▶ [Task item]
Although the entries contain pictures, only their words should be duplicated exactly.

▶ [Data for this exercise]
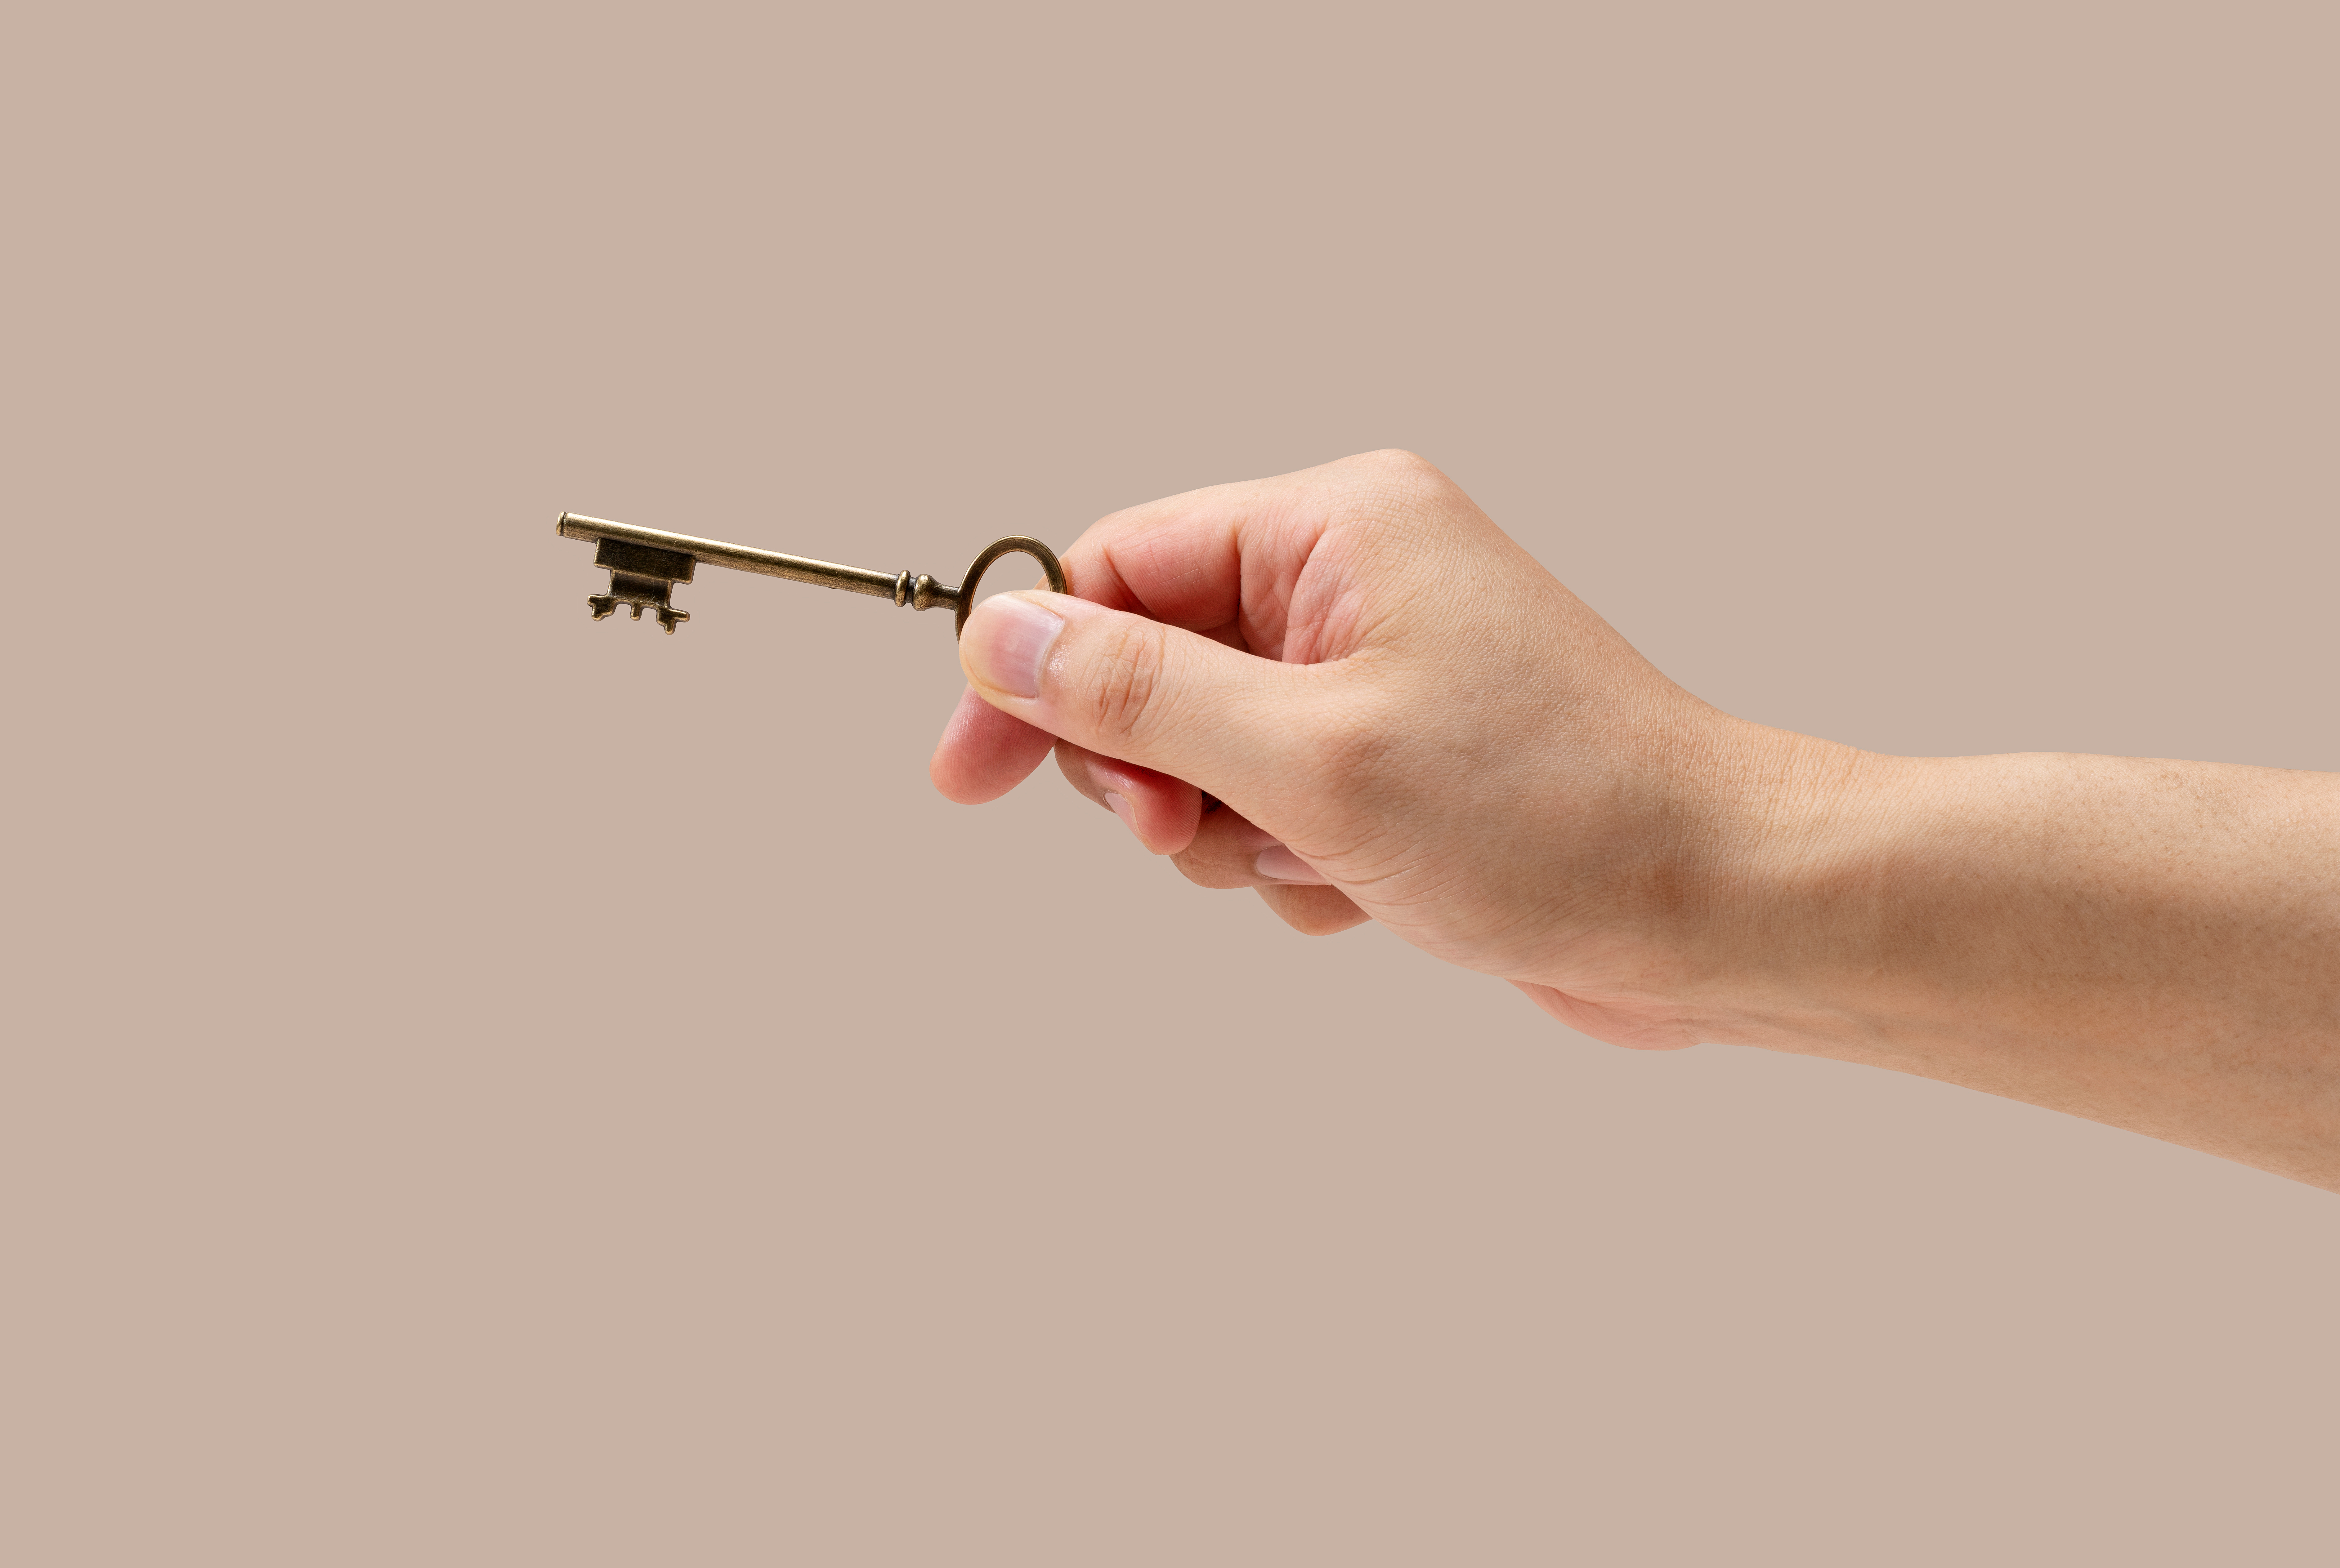 La mano de un hombre sujetando una llave de latón | Fuente: Shutterstock
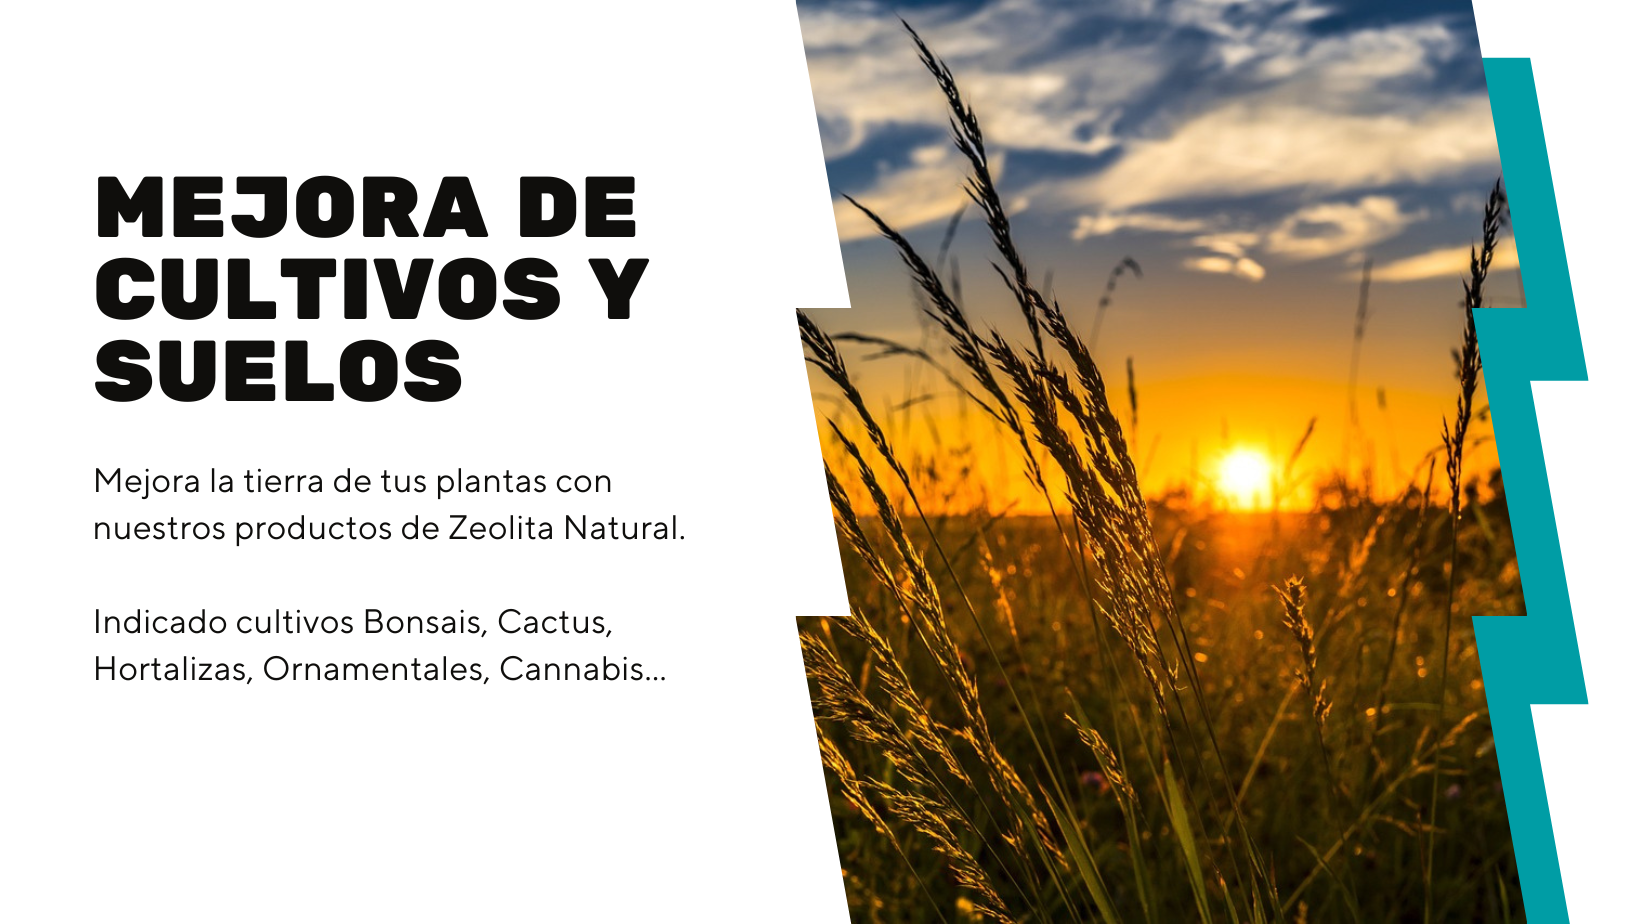 Comprar Zeolita Natural en Polvo en Canarias, Los mejores precios
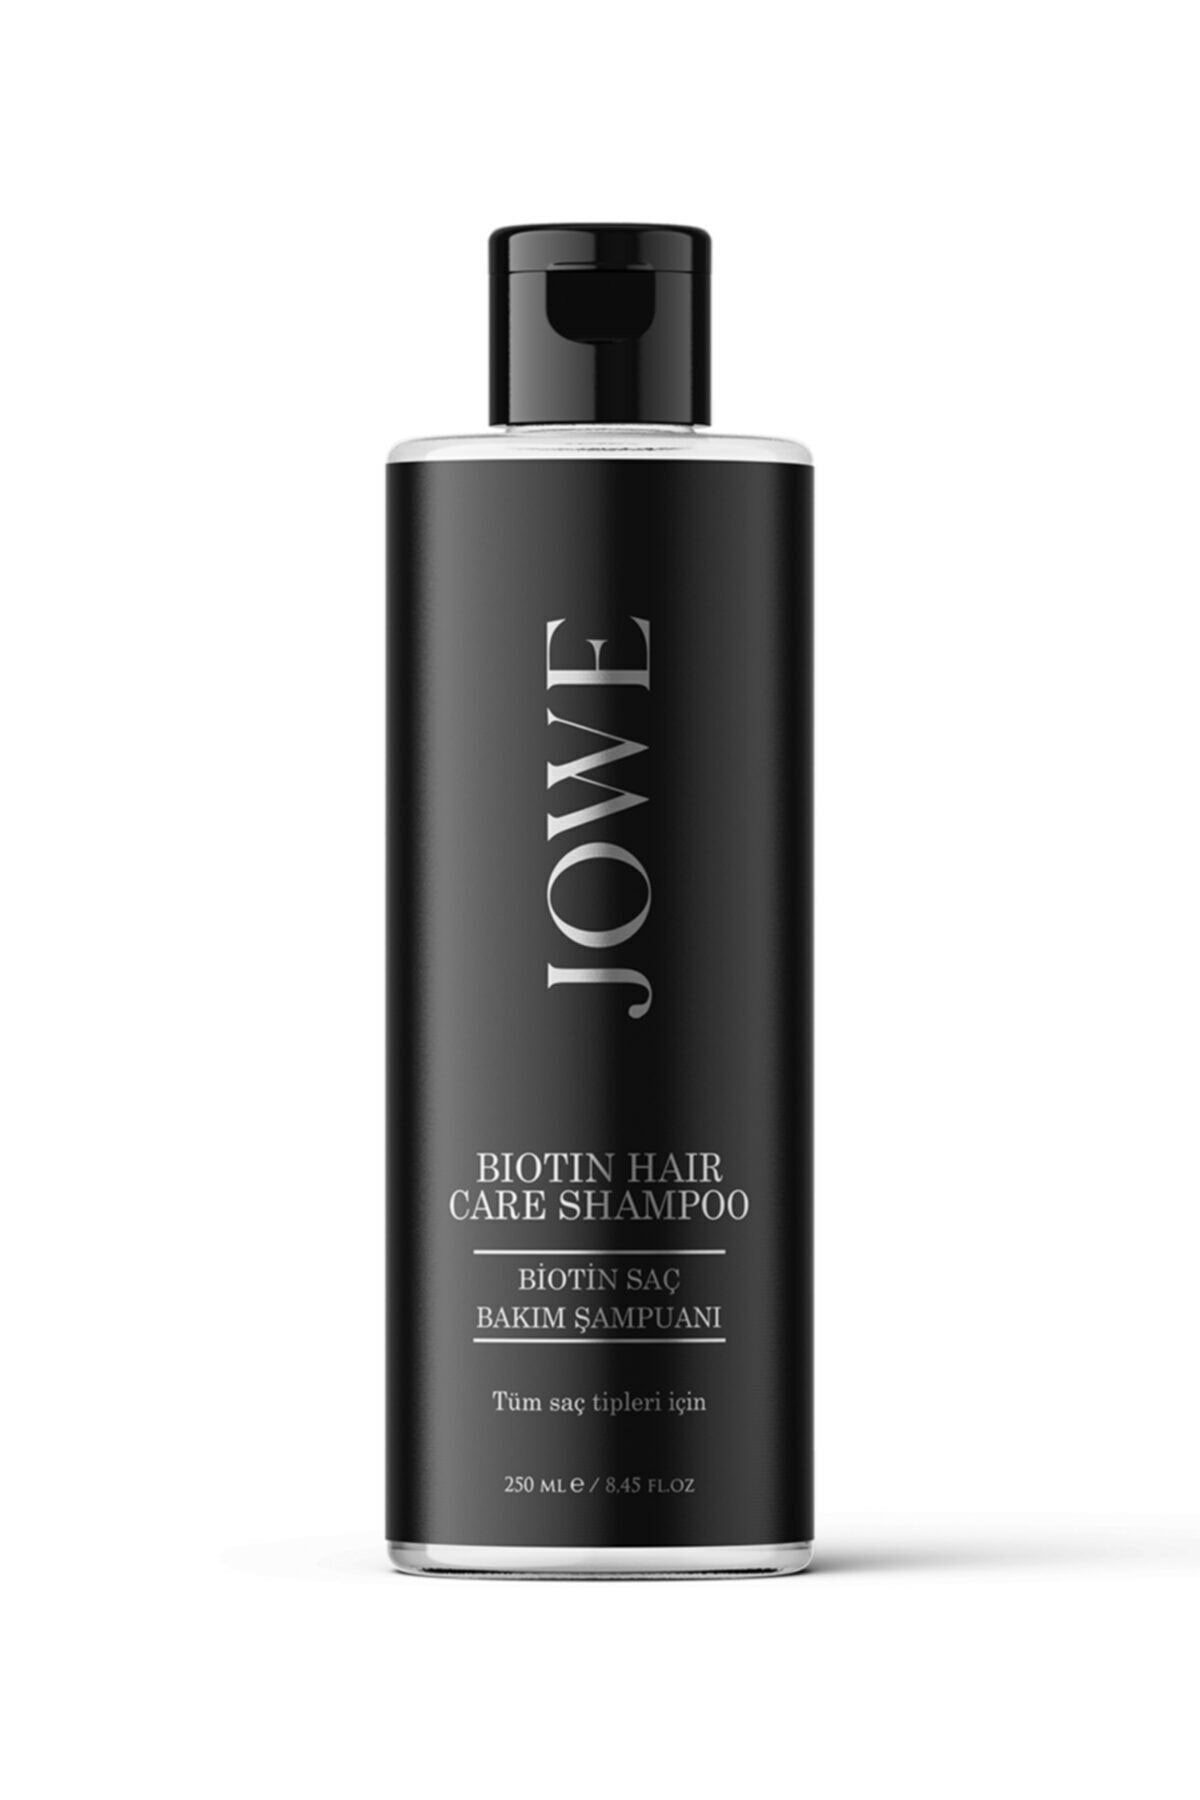 JOWE - Biotin Hair Care Shampoo
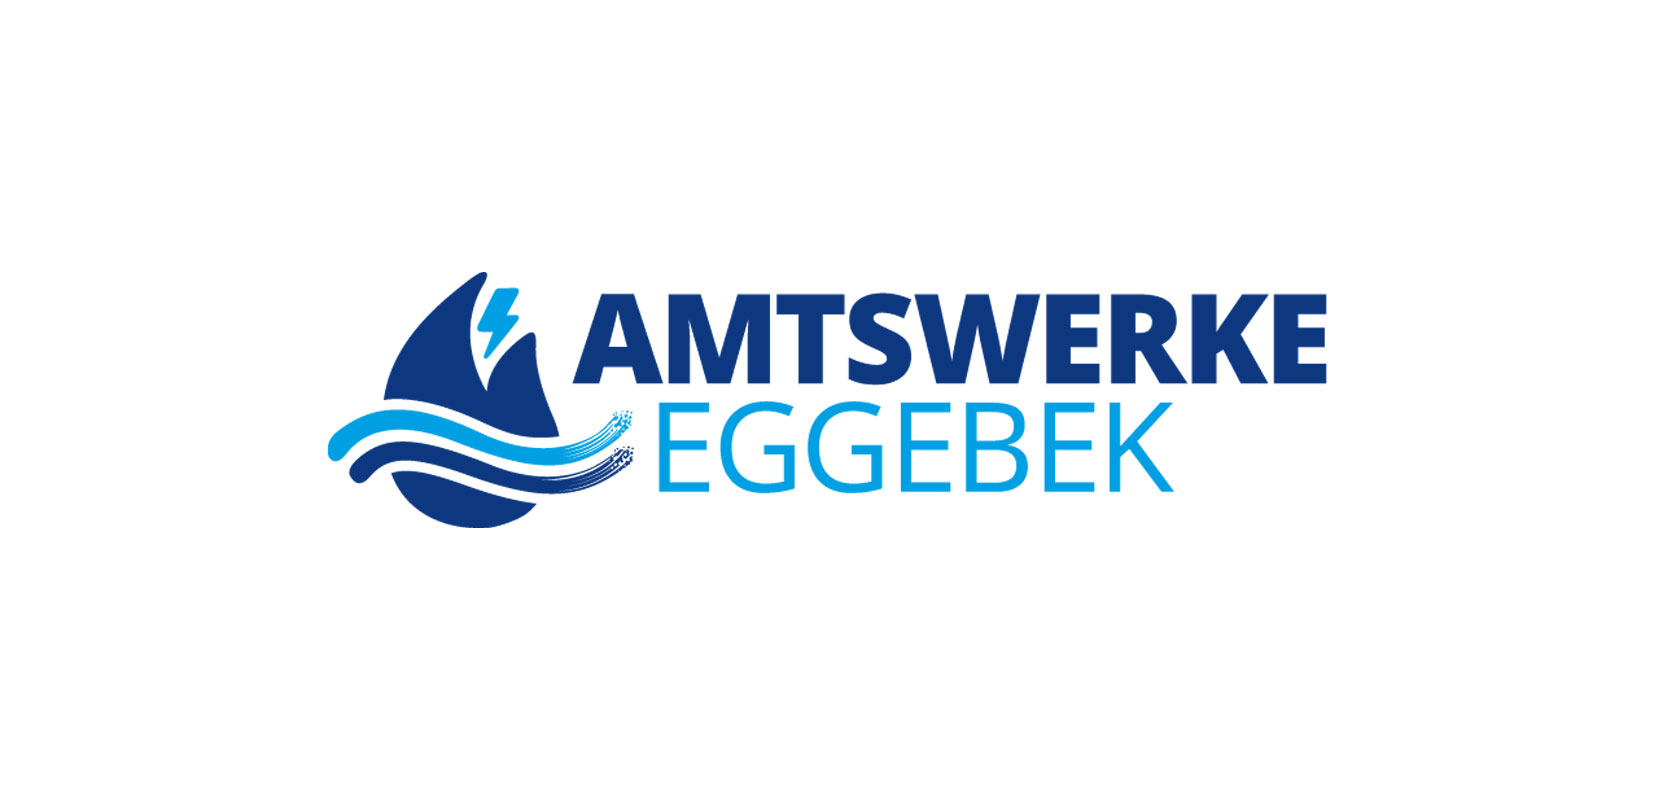 Amtswerke Eggebek
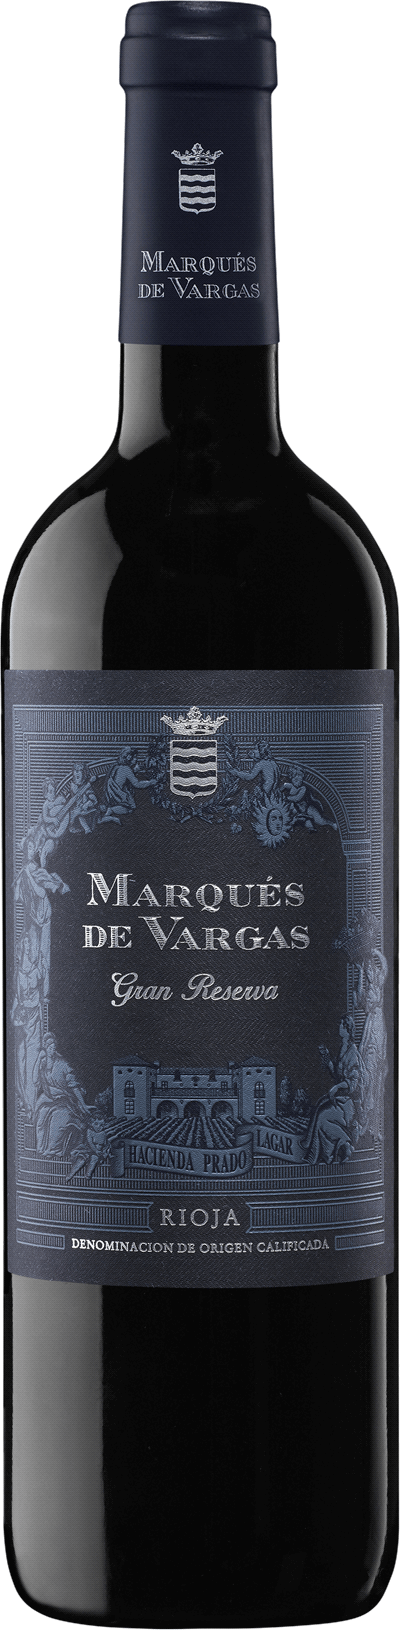 Marqués de Vargas Gran Reserva, 2012

▶ [Written response]
 La mano de un hombre sujetando una llave de latón | Fuente: Shutterstock
 Comprar Zeolita Natural en Polvo en Canarias, Los mejores precios
 JOWE - Biotin Hair Care Shampoo
 Amtswerke Eggebek
 Marqués de Vargas Gran Reserva, 2012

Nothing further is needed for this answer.